Problem: What is needed is a word-for-word copy of the listing below, without pictures.

Given material:
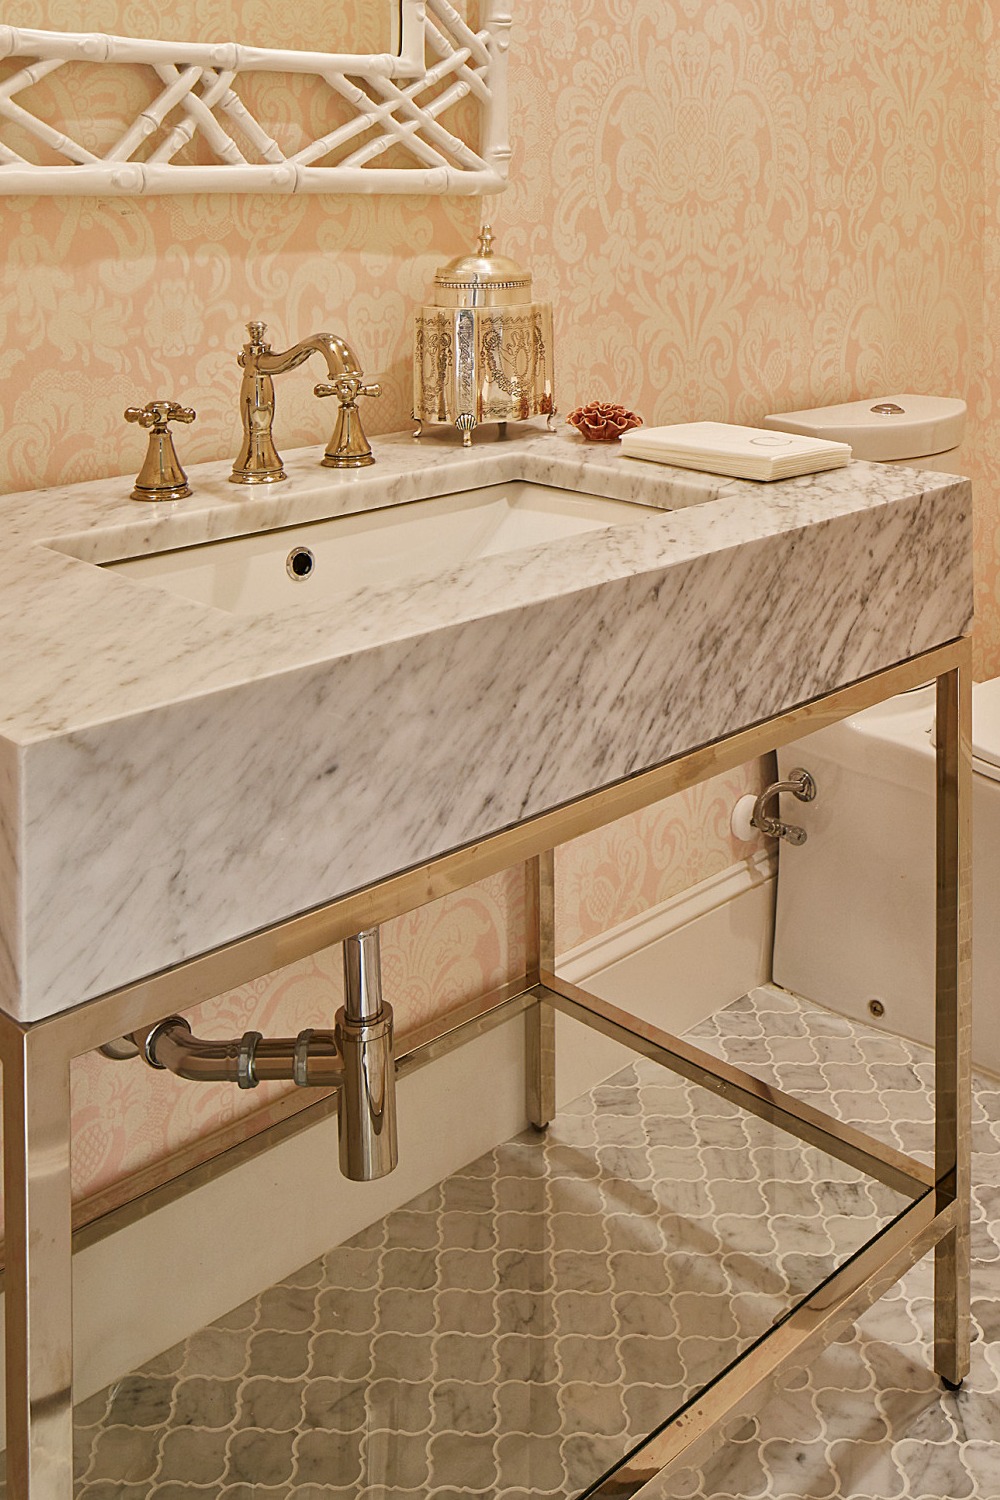 Bathroom Vanities Base Material Miter Edge Carrara Marble Countertop Powder Room Style Console
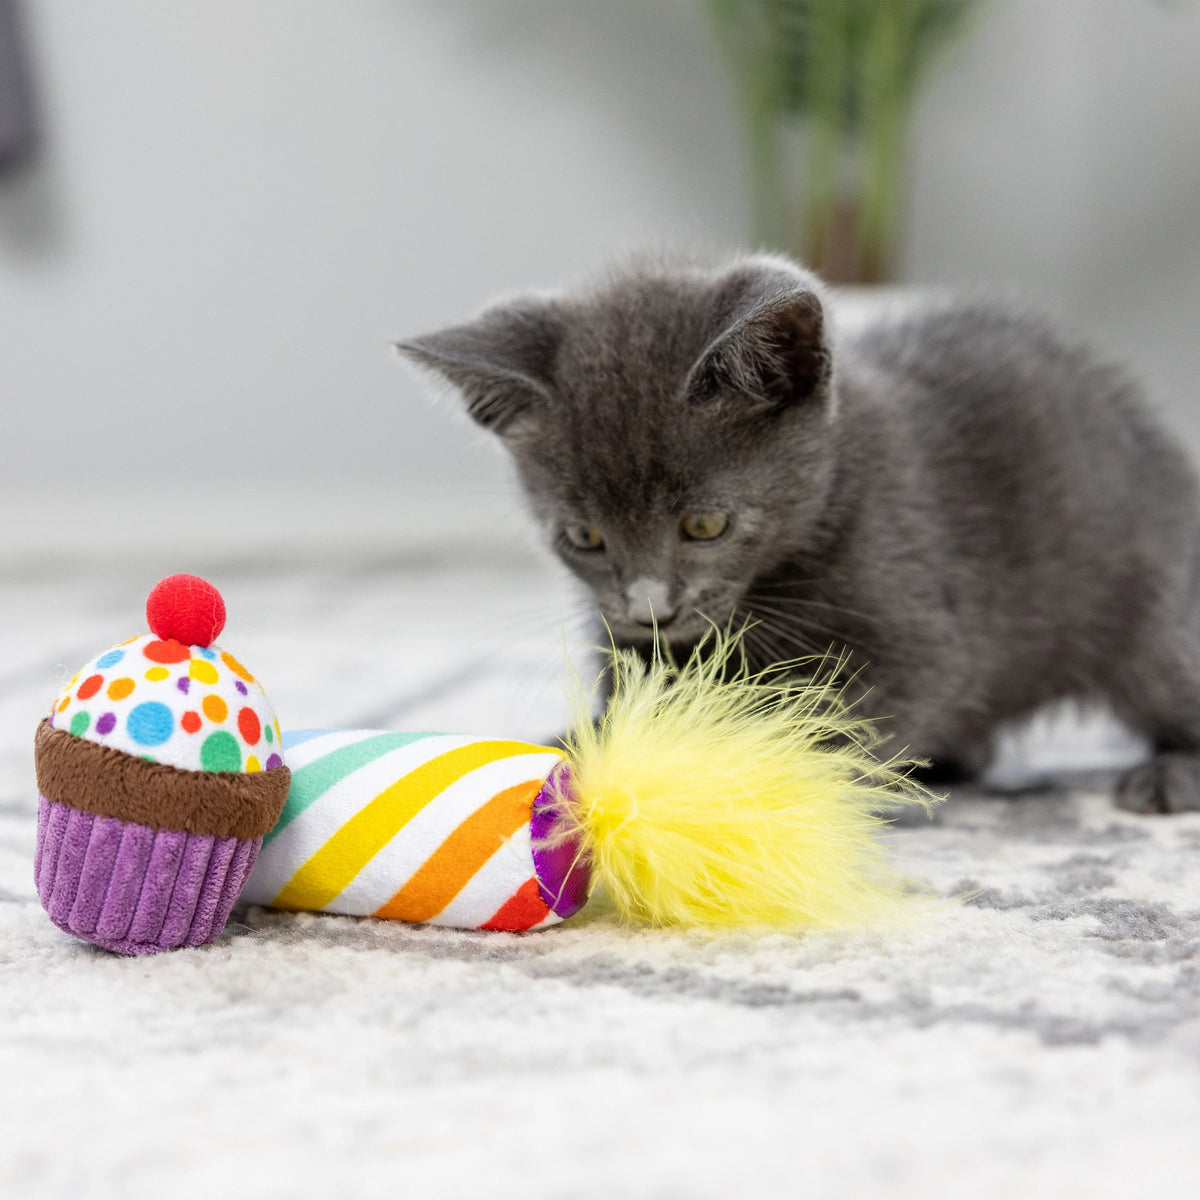 Me-Wow Cupcake & Candle 2pk Cat Toy – Huxley & Kent
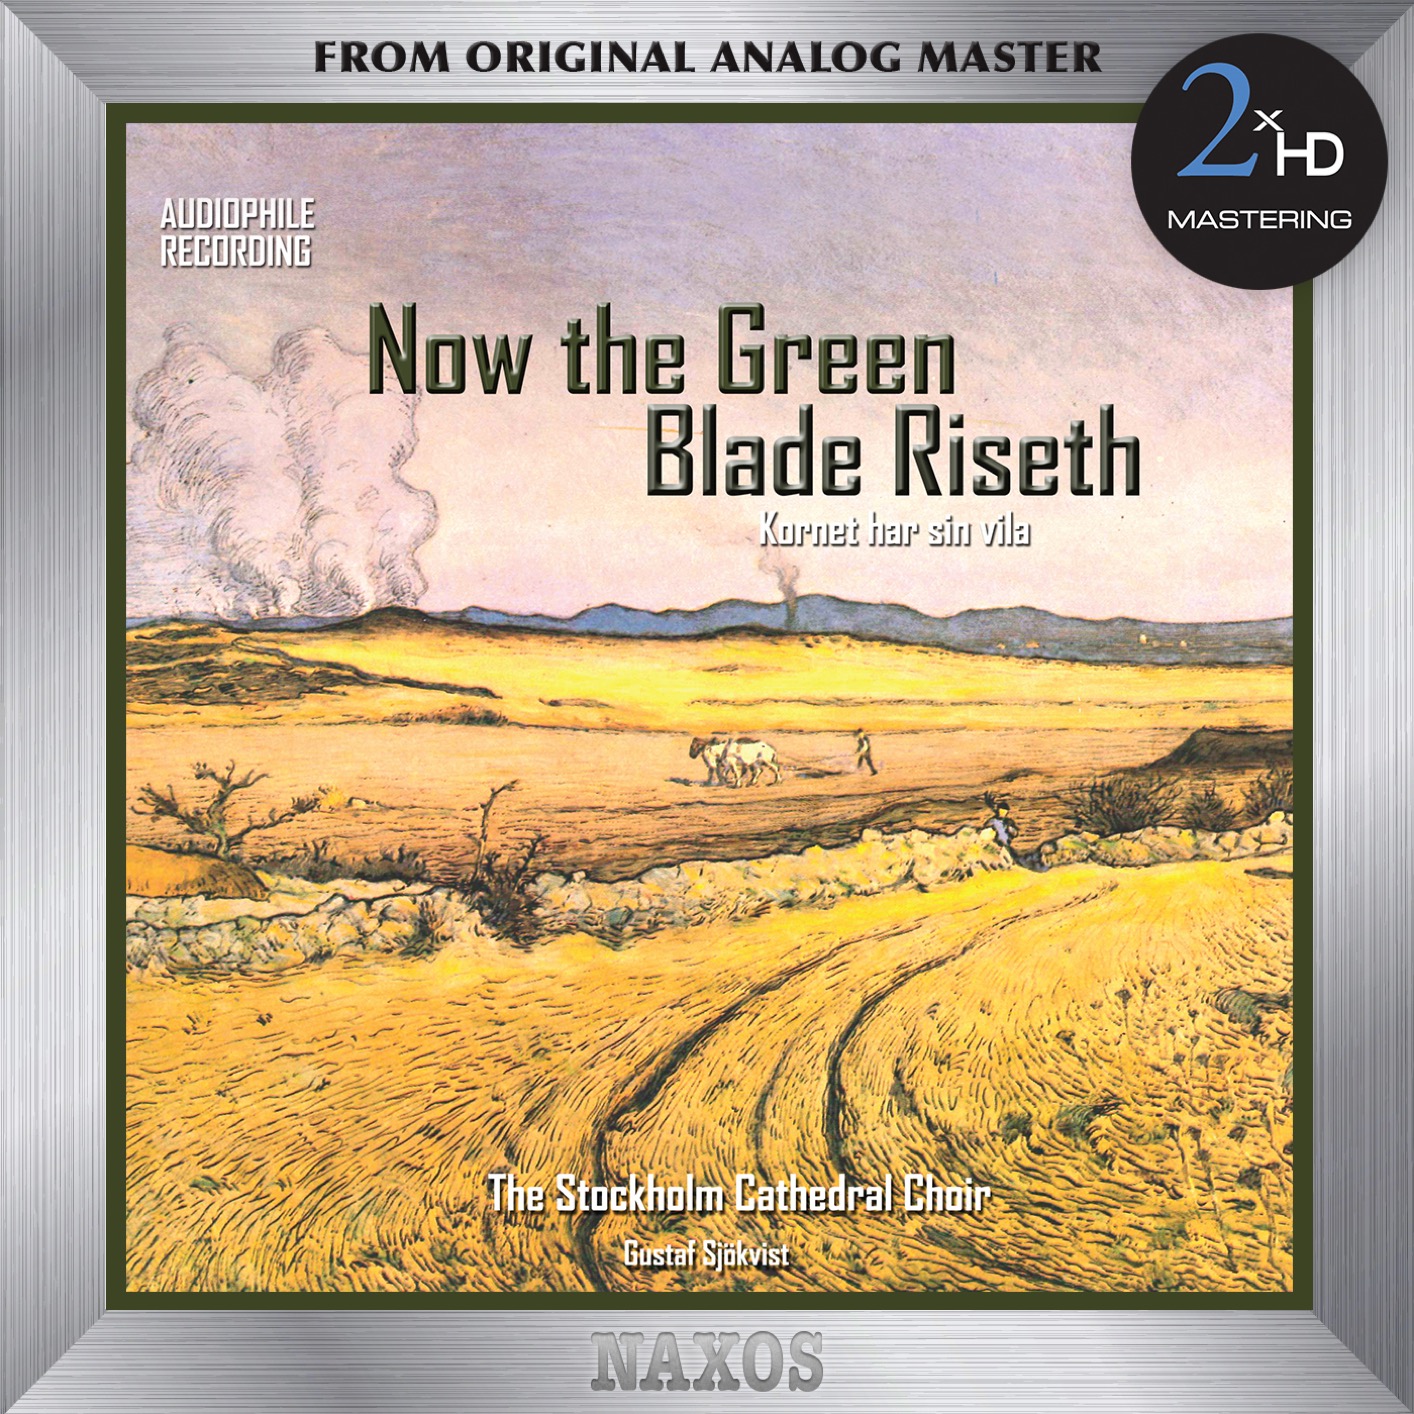 Stockholm Cathedral Choir & Gustaf Sjokvist – Now the Green Blade Riseth (1981/2016) [Official Digital Download 24bit/192kHz]

Response box:
 Bathroom Vanities Base Material Miter Edge Carrara Marble Countertop Powder Room Style Console
 Me-Wow Cupcake & Candle 2pk Cat Toy – Huxley & Kent
 Stockholm Cathedral Choir & Gustaf Sjokvist – Now the Green Blade Riseth (1981/2016) [Official Digital Download 24bit/192kHz]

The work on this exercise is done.